Malaysian Professionals Lack Skills for Complex Jobs Especially in Information Technology (IT) Sector

Randstad Malaysia Logo

Randstad Malaysia Logo

Malaysian workers lack skills for complex jobs

Article from FMT Business as published on January 17, 2023

Malaysian workers, especially those in the IT sector, are unprepared for complex jobs because of their lack of skills.

However, there is little opportunity for them to get the proper training to raise their skill levels or to acquire new ones, according to a new survey.

The survey by human resource solutions agency Randstad Malaysia showed that 85% of Malaysian workers believed that it was important for employers to offer learning and development training programmes.

However, only 36% of them said they actually received such training.
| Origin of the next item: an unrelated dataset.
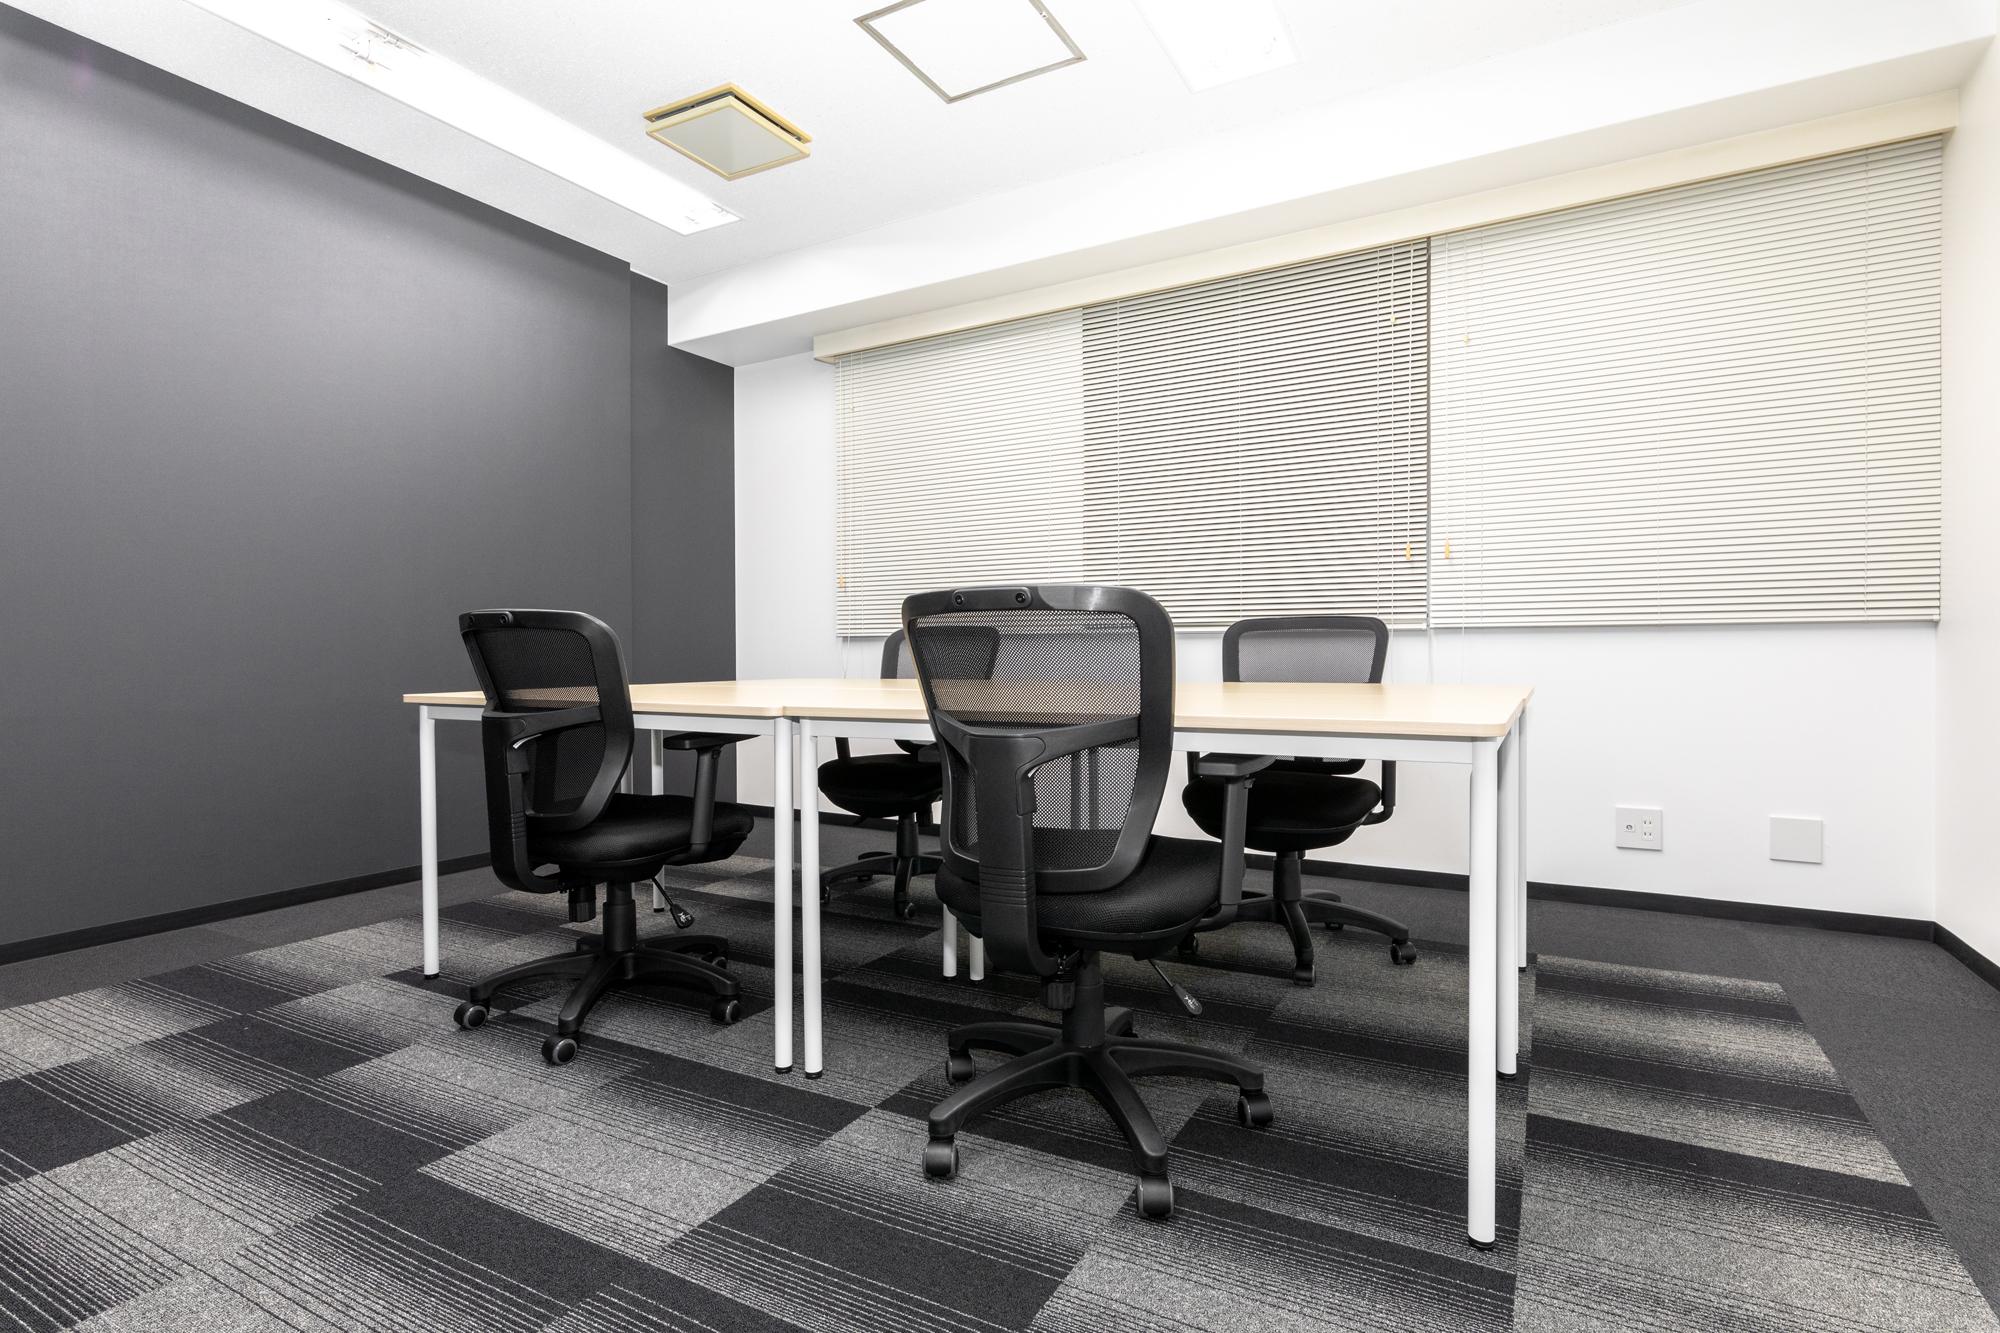 窓付きで開放的な完全個室オフィス!空調も各部屋で調整可能です

The lack of skills and talented job seekers have become a challenge for hiring managers. At the very least, prospective employers expect job seekers to be at least digitally adept enough to deliver on projects and tasks.

This phenomena is especially clear in highly technical roles such as engineers and project developers, Randstad said.
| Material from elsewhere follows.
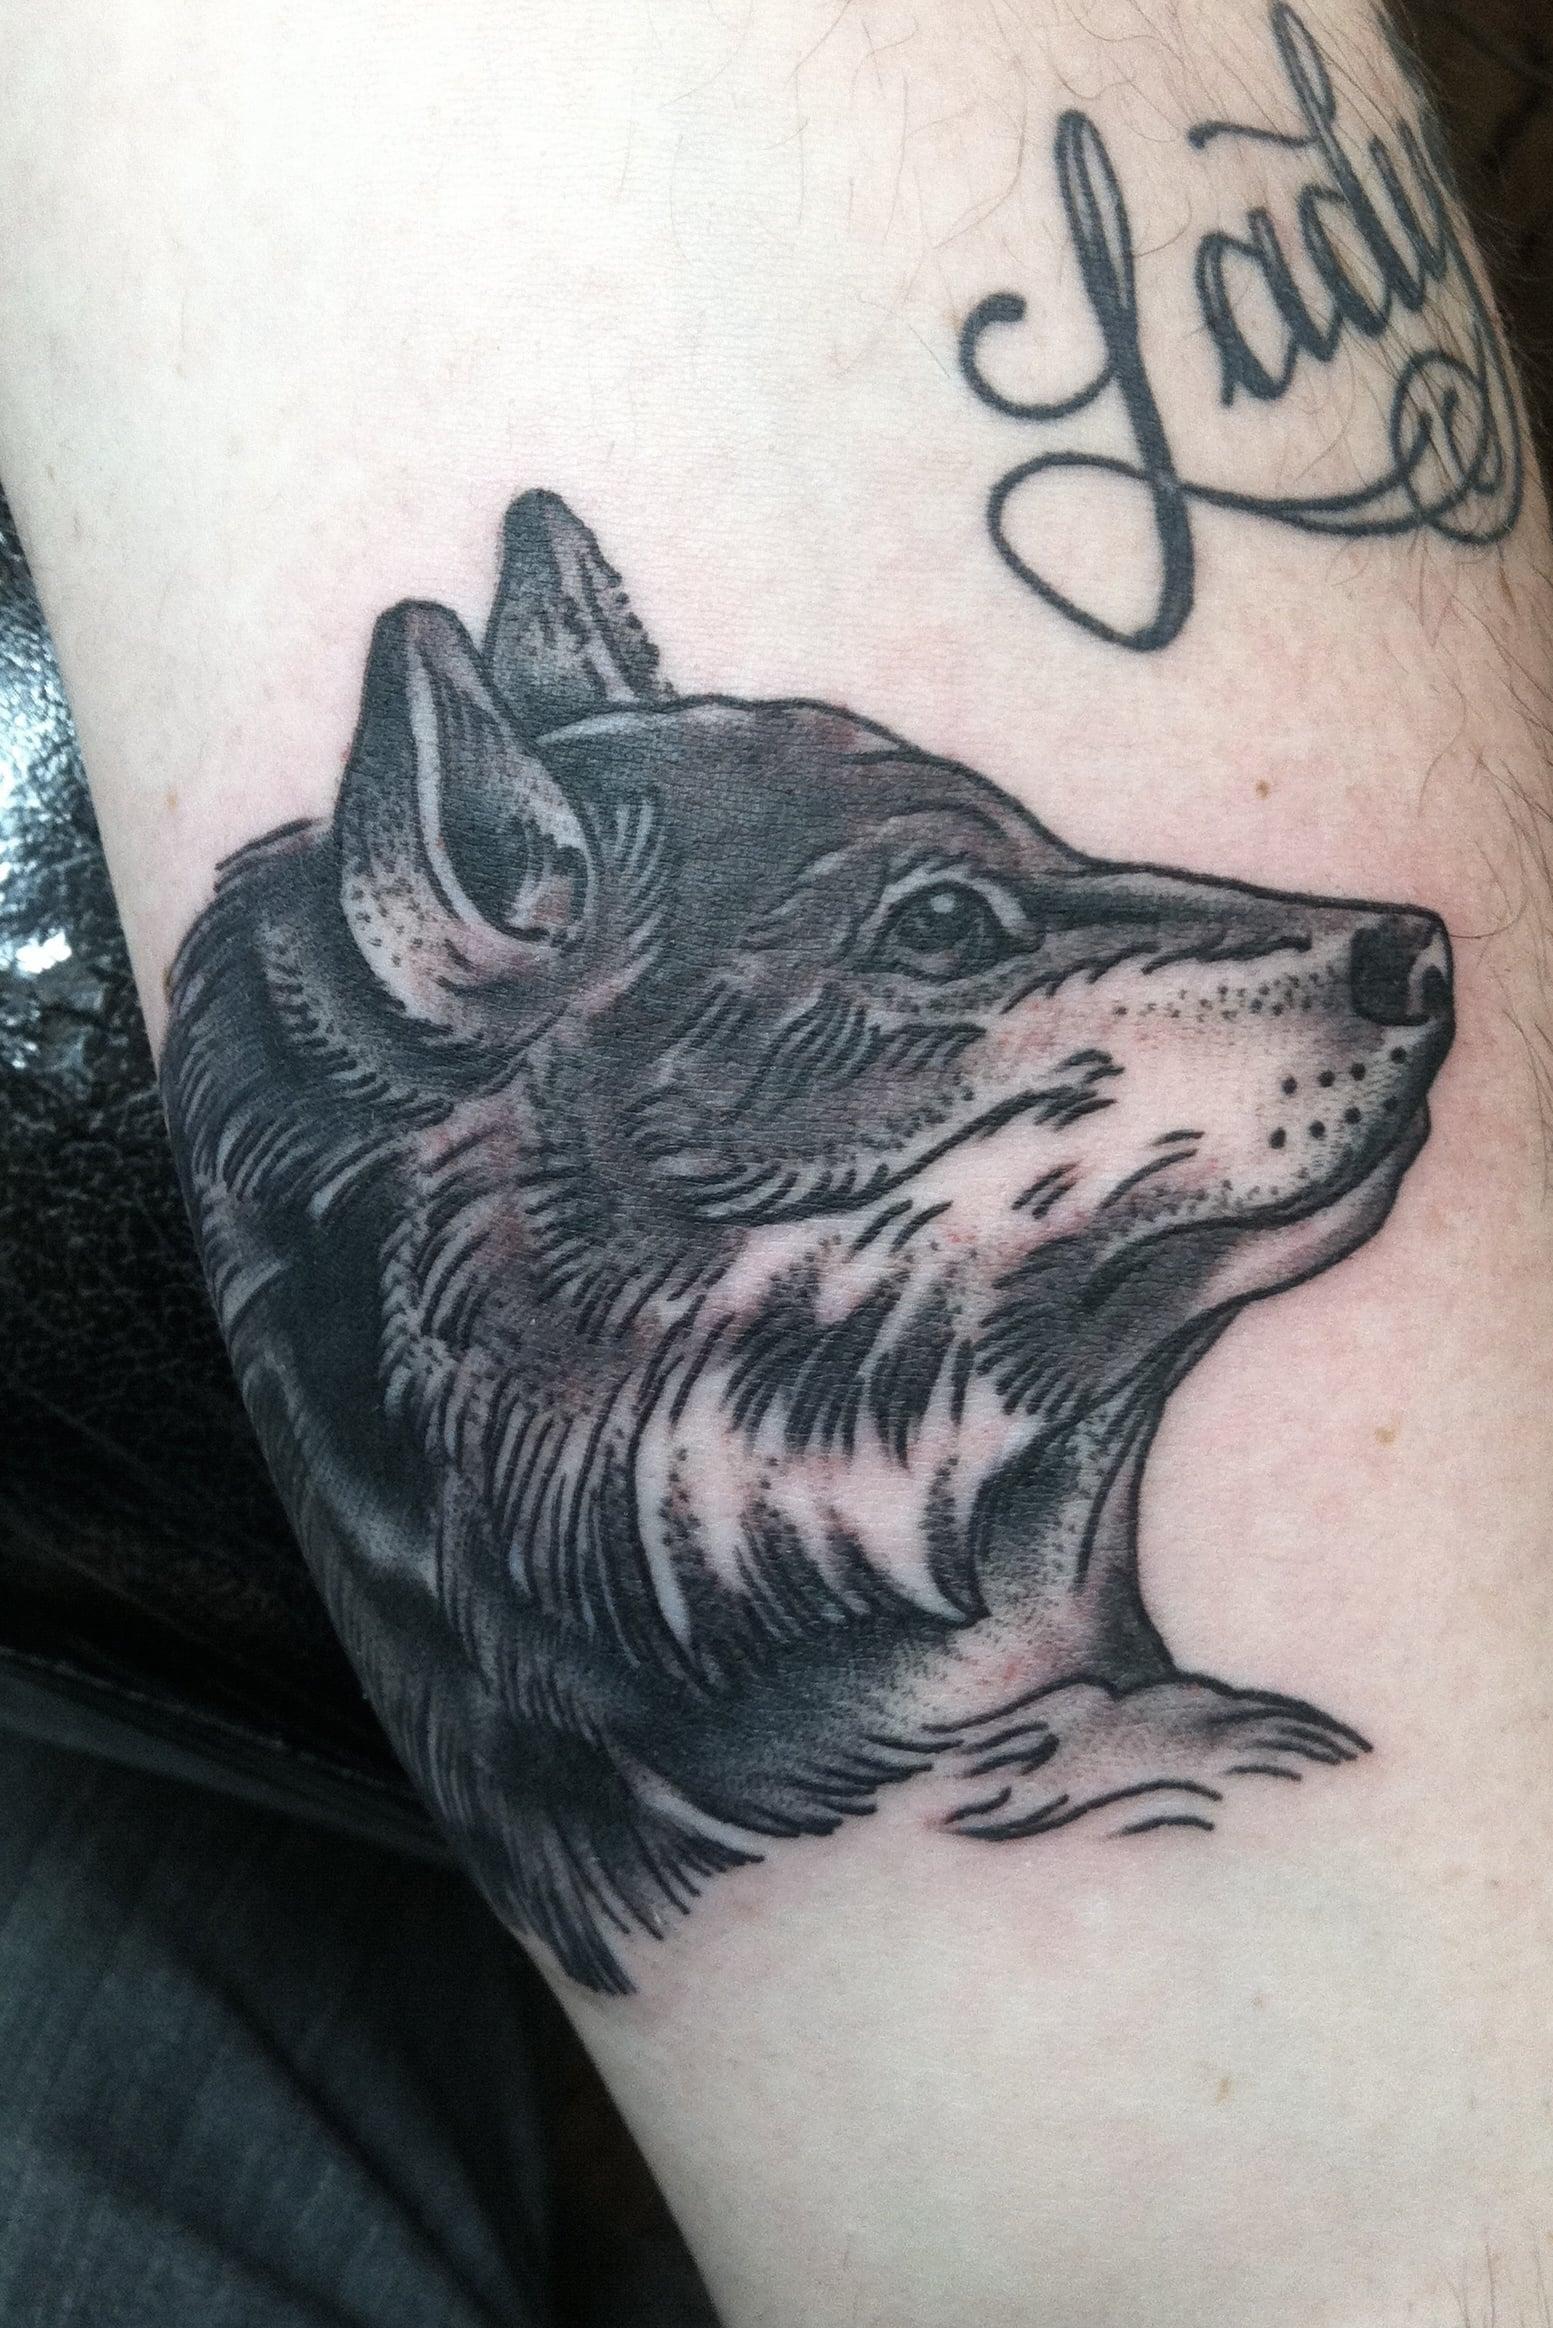 Tatuaje lobo de perfil

It said that as a result of this lack of upskilling programmes for employees and a general lack of preparedness among new graduates entering the workforce, work on more complex projects could not take off.

For the employees, this also means a stagnation in their career, it added.
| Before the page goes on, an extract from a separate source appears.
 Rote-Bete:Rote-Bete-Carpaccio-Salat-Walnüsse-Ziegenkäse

The survey also showed that there is no lack of enthusiasm among employees to upskill themselves. Randstad said it found that 61% of those who responded to its survey expressed a desire to develop technical skills to become more capable and productive.

“It is clear that employees are aware of their skills gap and are motivated to upskill,” it said.

Randstad said employers would need to invest in efforts to upskill their workforce. “It is their responsibility to work with experts to improve the capability of their internal learning and development team to upskill their employees through relevant and useful training courses,” it added.

It said companies should also work with educational institutions to offer internship programmes with greater impact.

“Companies can create opportunities to let undergraduate students work on key projects to evaluate their skills and growth potential and convert them into full-time employees if they meet business expectations,” it said.

Randstad Malaysia country director Fahad Naeem said companies will see success in their hiring strategies only if they take steps to manage new talent expectations and upskill the local workforce.

He said that change is crucial for companies and employees to thrive in Asia’s rapidly evolving business landscape.

“With people serving as the backbone of any organisation’s success, it is important that business leaders address employee expectations for more effective talent attraction and management efforts,” Fahad added.